The Gibson J-45 is a dreadnought style  acoustic guitar  manufactured by the Gibson Guitar Corporation. It is generally regarded as Gibson's most famous and widely used acoustic guitar model.

The J-45 is part of Gibson's round-shoulder "jumbo" line, begun in 1934 with the Jumbo Flattop introduced to compete with C.F. Martin & Company's "D" line.  It is noted for its sunburst finish, warm bass and good projection, and outstanding playability. The structurally similar naturally finished J-50 first appeared in 1942, but did not enter continuous production until 1947.

History
Introduced in 1942 to replace the inexpensive Great Depression-era flattop J-35, the J-45 standardized the company's approach to the dreadnought guitar. With a list price of $45, it nonetheless initially only varied slightly, with strengthened internal bracing and a new teardrop-shaped pickguard. A headstock decal with the Gibson logo replaced both the old stark white silkscreened 'Gibson' of the thirties and the slogan "Only a Gibson Is Good Enough." It also had a more rounded, "baseball bat" style neck, as opposed to the "V" shape of the J-35 neck. The version produced today is substantially similar to the 1942 model.

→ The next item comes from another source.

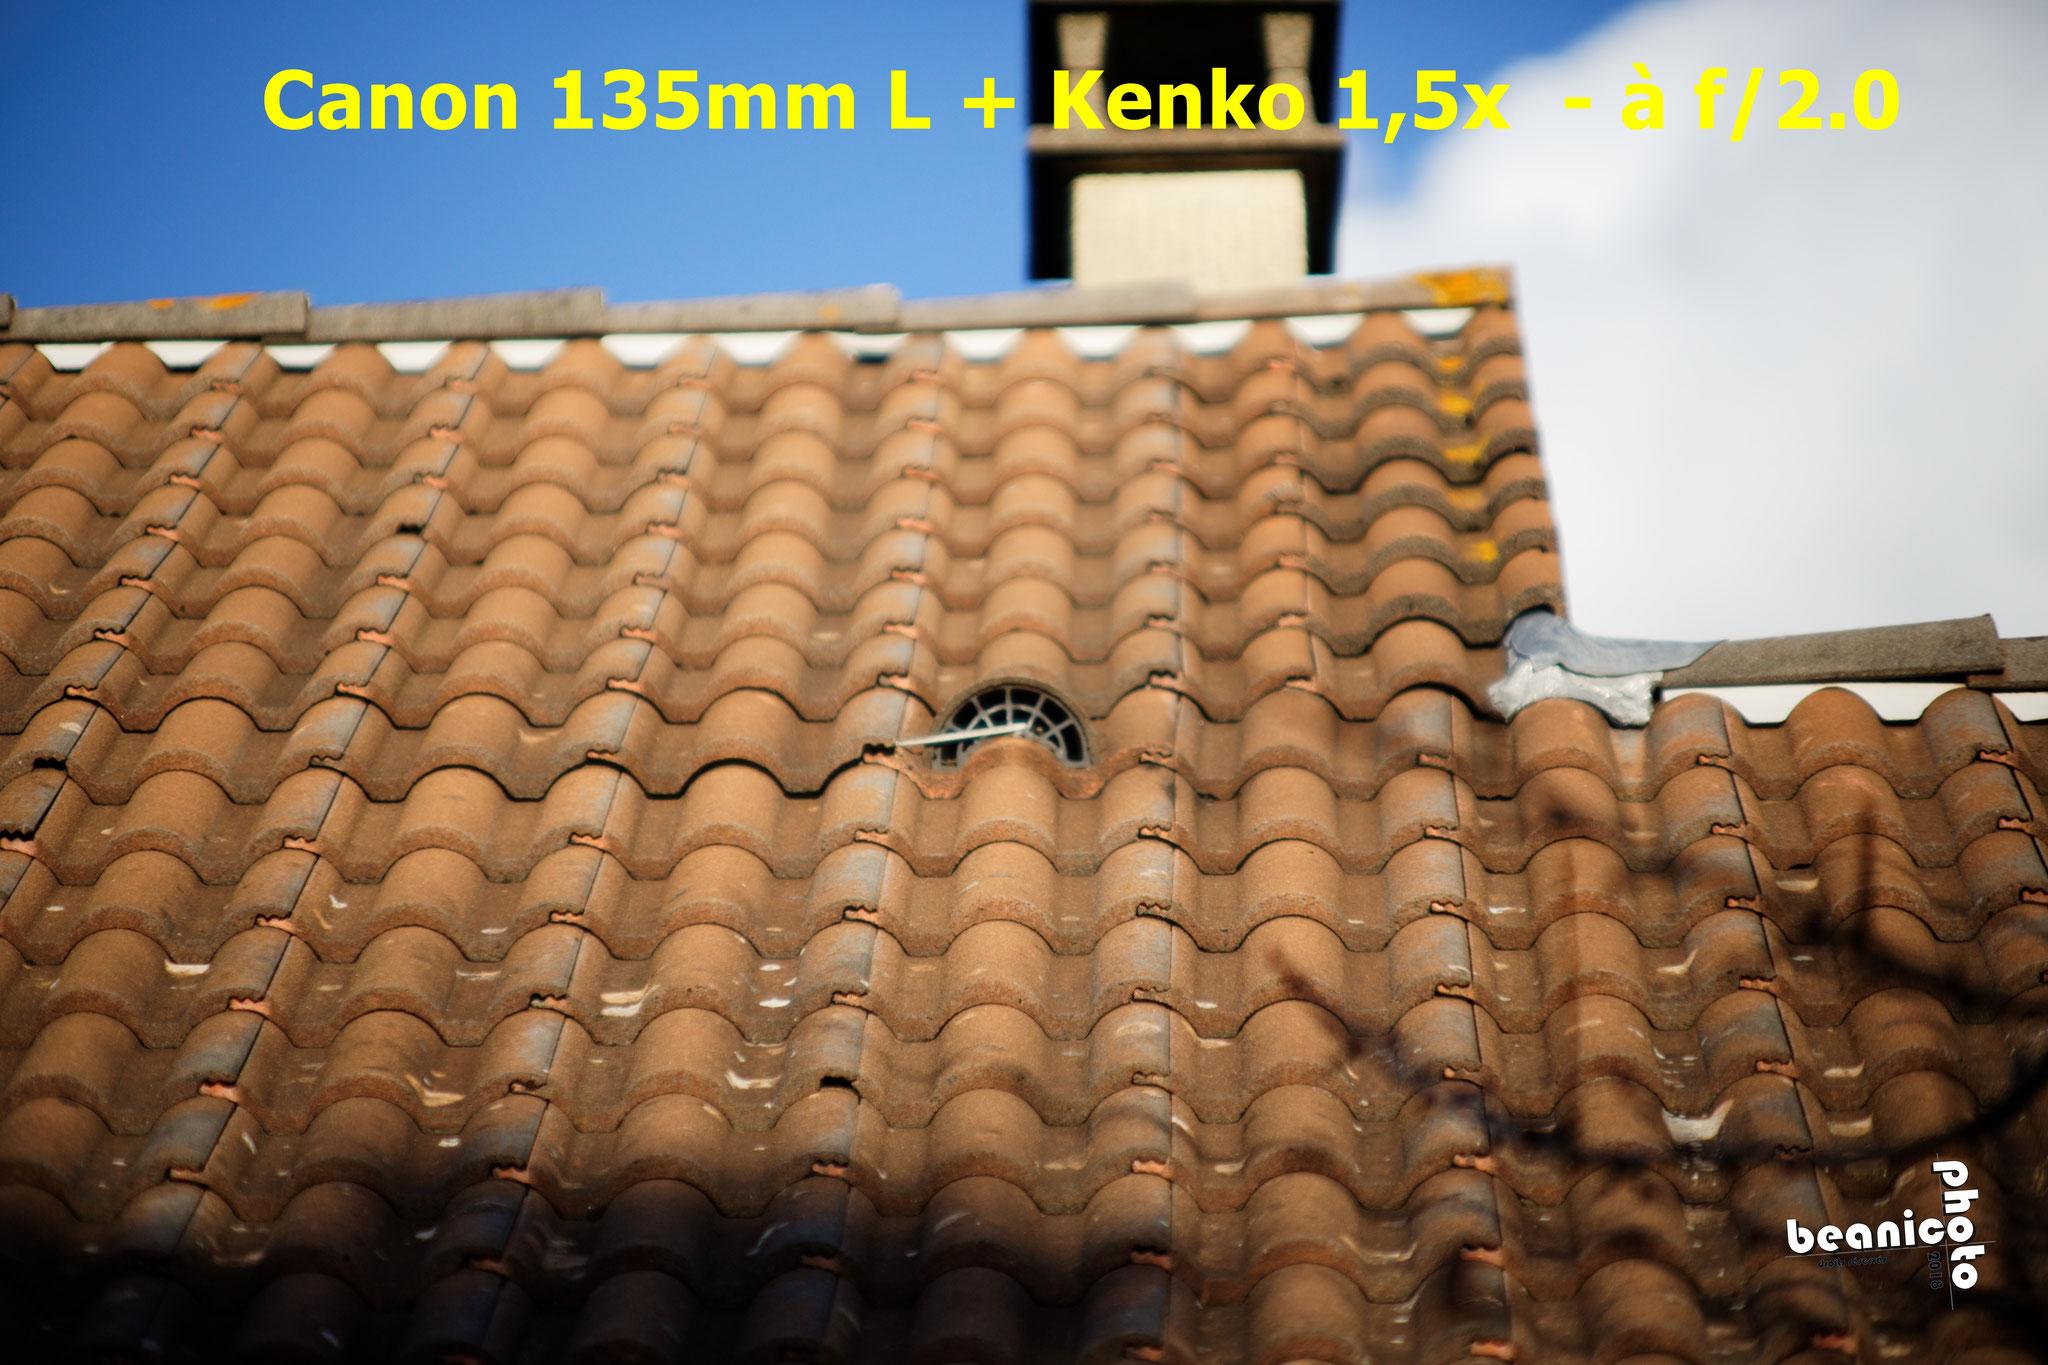 beanico-photo.fr - Canon 5DIII + Canon EF 135mm f/2.0 L USM
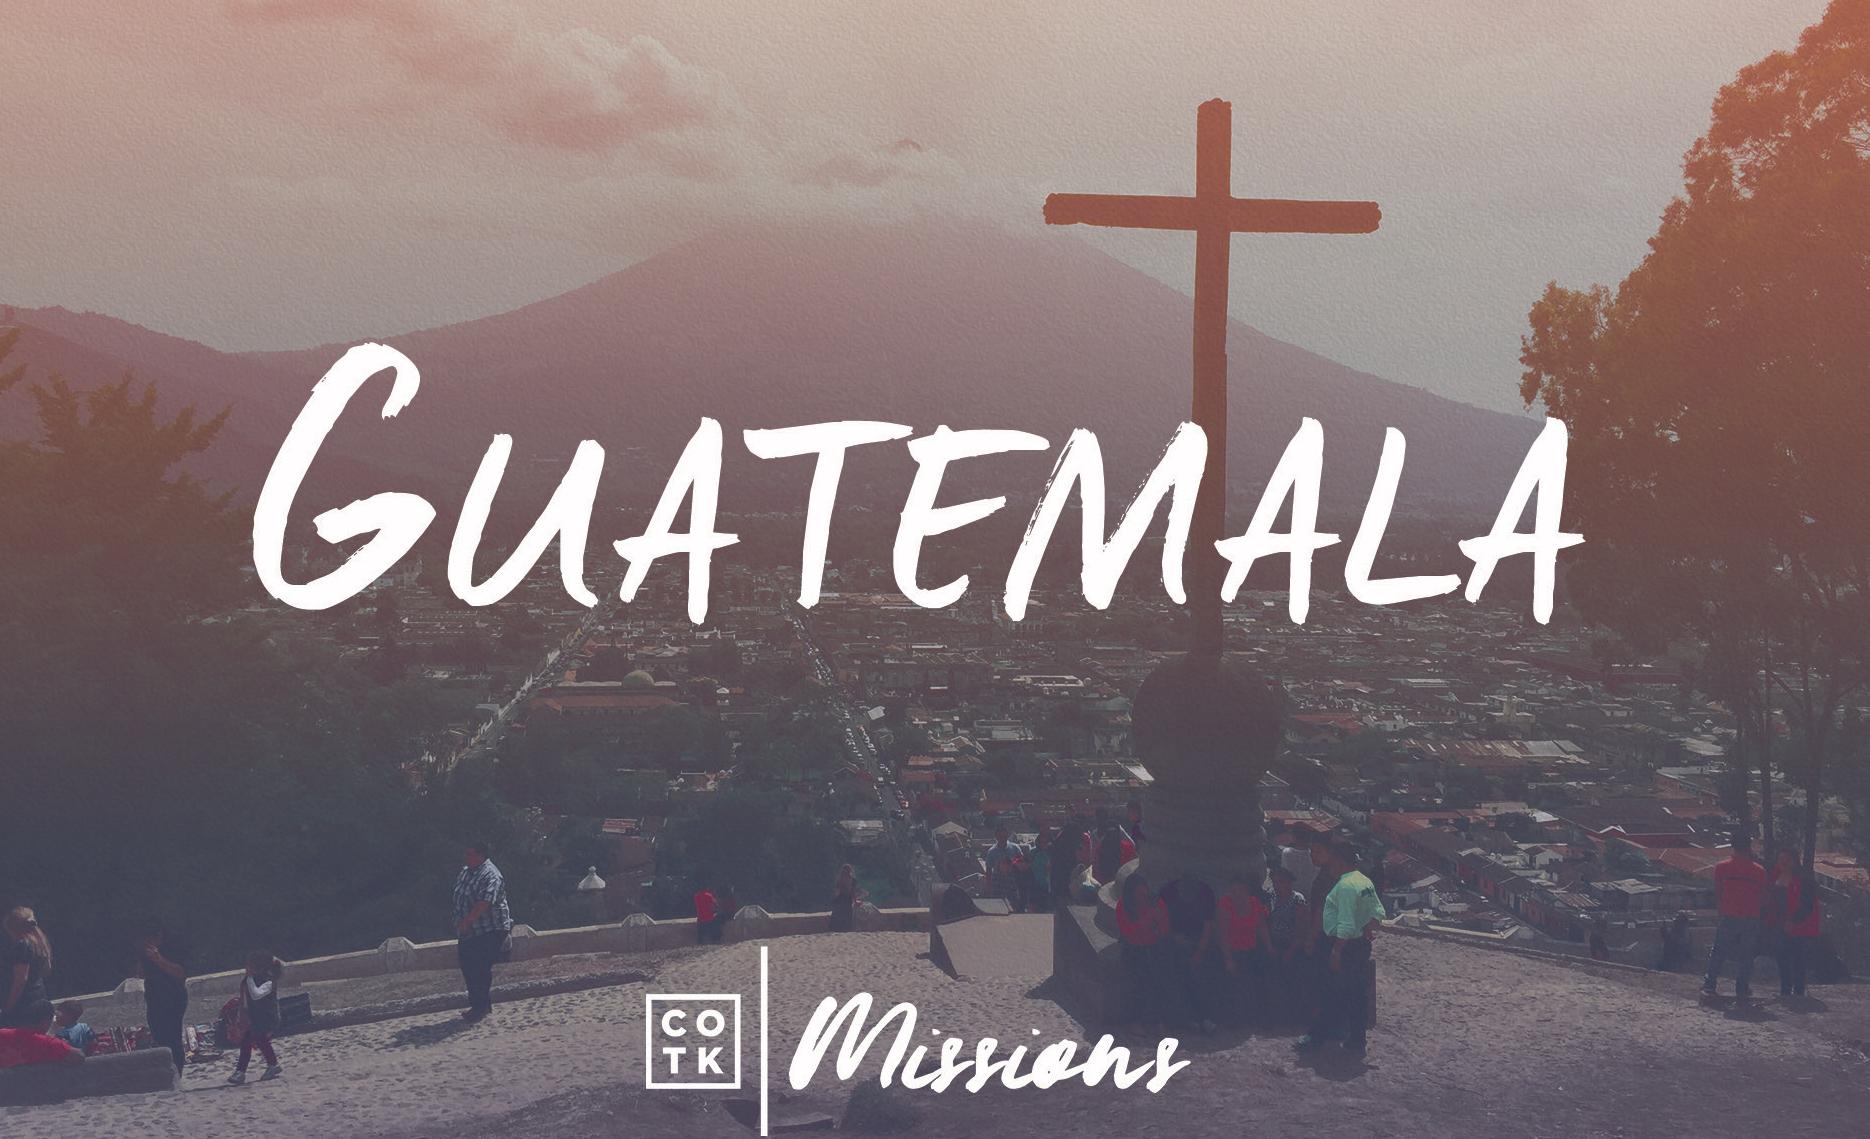 Guatemala Card front-1 copy.jpg

Cosmetically, the J-45 was understated, intended as a durable no-frills "workhorse guitar" (its nickname given by the manufacturer). Although a few triple-bound top types were initially produced, the standard  single binding was simple, soundhole ring austere, and neck only sported modest dot-shaped mother of pearl fretboard position markers. Gibson used a sunburst finish to cover up imperfections in the wood joins. The top was solid spruce, the back and sides solid mahogany. Over time the sunburst has become iconic, with collectors preferring the J-45 to the higher-end J-50s of the same era. Apart from a small batch of natural-finish J-45s produced in 1942, the model was offered only in sunburst.

1969 Gibson J-45
Starting in 1968 Gibson made J-45's as square-shouldered dreadnaught-shaped guitars with a longer scale (25.5"), similar to the Gibson Dove. Serial numbers tell us that during '68 and '69 both slope-shouldered and square-shouldered J-45's were made before the model changeover was complete. In the '70's the J-45 was re-labeled as the J-45 Deluxe. A short run of slope-shouldered J-45 Celebrity models were made in 1984. By the late '90's the slope-shouldered body style returned for good.

Gibson J-50
The J-50 guitars is essentially a natural-finish J-45, with a triple rather than single-bound top and other minor differences in trim. Gibson produced a handful in 1942 using high quality wood laid up before World War II-induced shortages took hold. By 1947 supplies had resumed, resulting in the model's official introduction. There are mid-1960s J45 guitars with a natural finish and adjustable bridges and this can be checked by the stamp on the back seam brace.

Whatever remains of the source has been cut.